Dynamics, Neutronics, and the Safeguarding of Molten Salt Reactors from Plutonium Diversion

Molten Salt Reactors (MSRs) face unique challenges and requirements for material accountancy and control. Current techniques such as item counting and serial numbers are suited for the current fleet of solid-fueled reactors. However, as the next generation of reactors enter the market, new means of material accountancy and safeguarding will need to be introduced. This research takes a novel approach to assessing the plutonium concentration in the liquid fuel medium found in MSRs. When a reactor is subjected to a periodic reactivity transient, it can have drastically different responses depending on frequency of the transient. This frequency response is sensitive to parameters, such as the delayed neutron fraction, that are highly linked to what isotope is currently fissioning (e.g. U-235, Pu-239, etc.).

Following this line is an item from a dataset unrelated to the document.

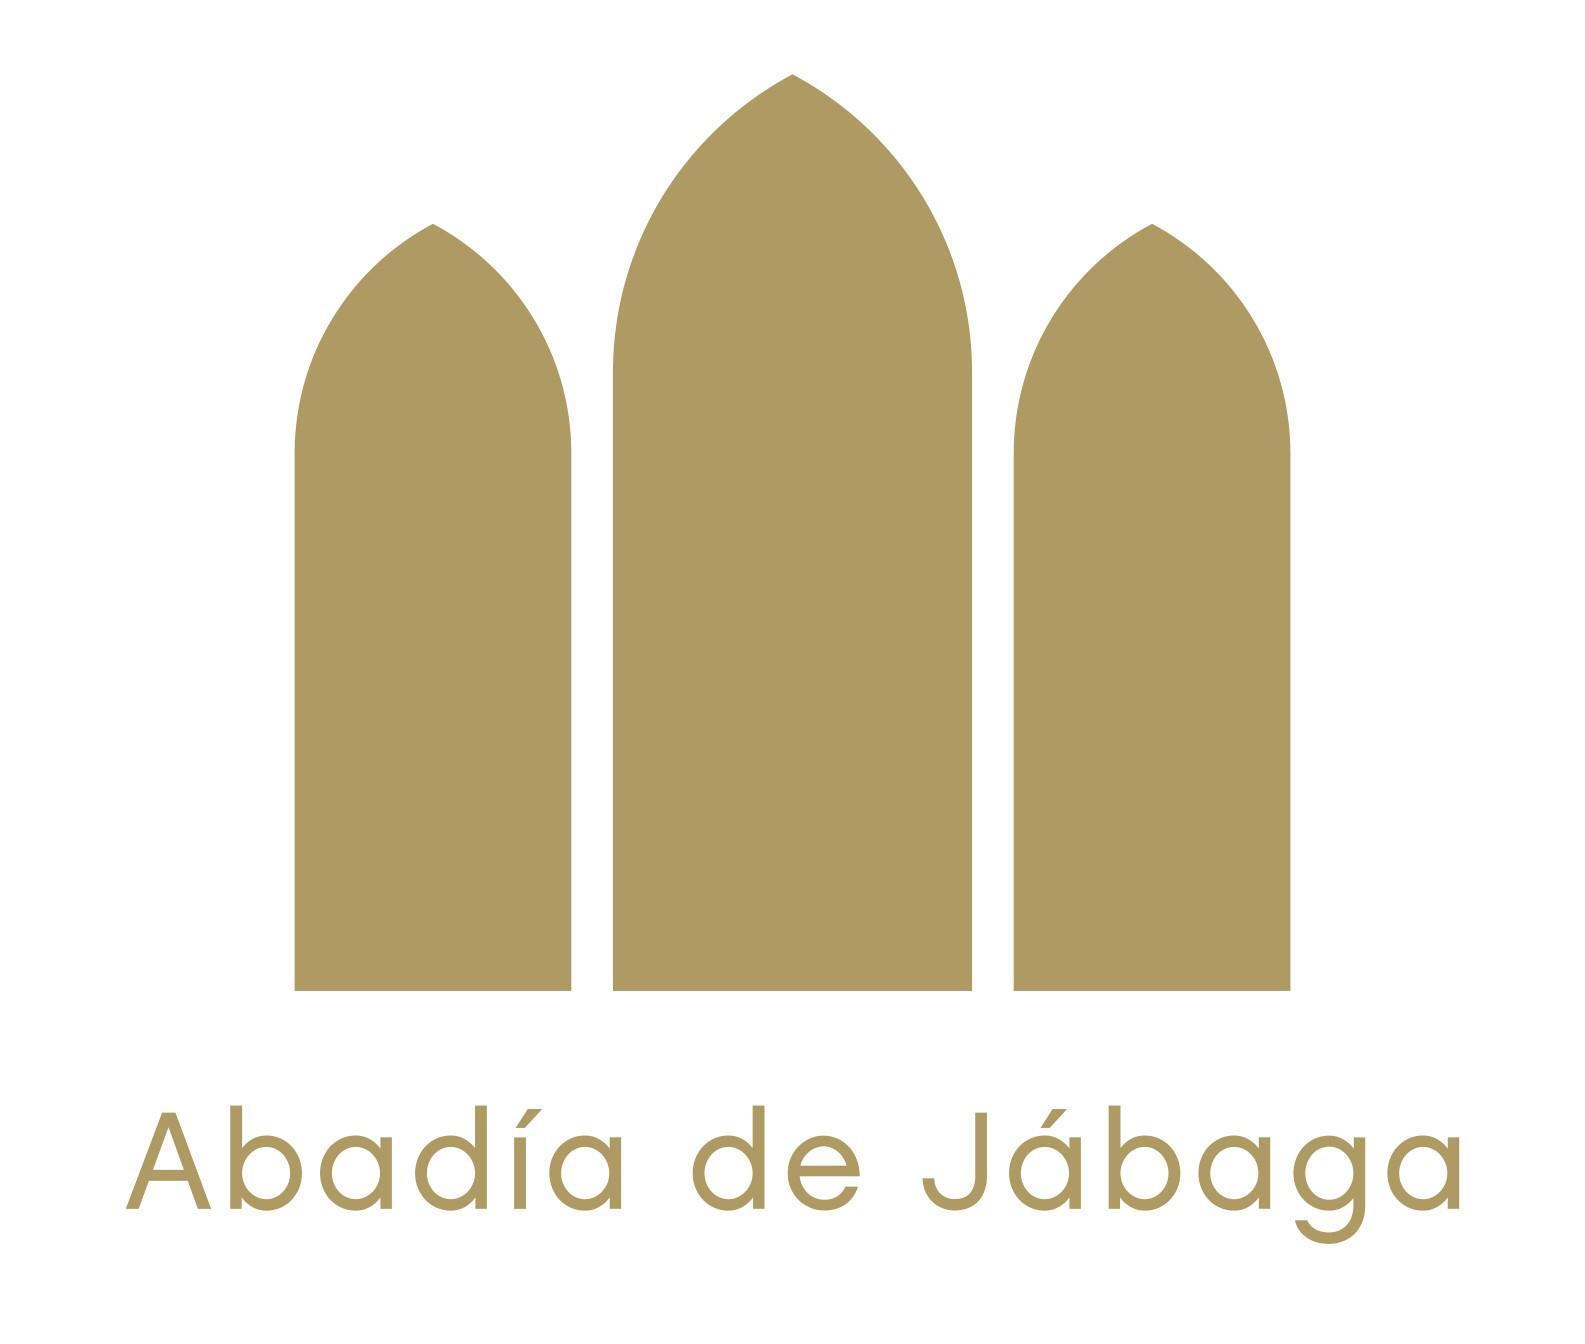 Abadía de Jábaga

Therefore, if plutonium is diverted, a characteristic change in neutronic parameters are observable in a reactor frequency response. Using this discrepancy, the frequency response can be very low latency, nondestructive measurement that does not disturb reactor operations. This research examines the frequency response while plutonium is being diverted in fast and thermal spectrum MSRs. In doing so, the paper reveals how key neutronic parameters evolve with burnup and change when plutonium is diverted. The means to predicting the frequency response of an MSR is also detailed. Finally, the frequency response is quantified for both normal burnup conditions as well as when a significant quantity of plutonium has been diverted. The final results show that for a small modular reactor sized thermal MSR, a diversion of plutonium is very noticeable in the frequency response. However, for the large fast spectrum MSRs, there is little to no change in the parameters. Therefore, the frequency response signature is not recommended for large MSRs. All custom tools created to perform this study have been uploaded on a public repository. They can be quickly adapted for evaluation of any liquid fuel reactor design. While this study used these specific tools, the method is not married to any tool (i.e. either burnup code or dynamic model) can be replicated using the steps presented here.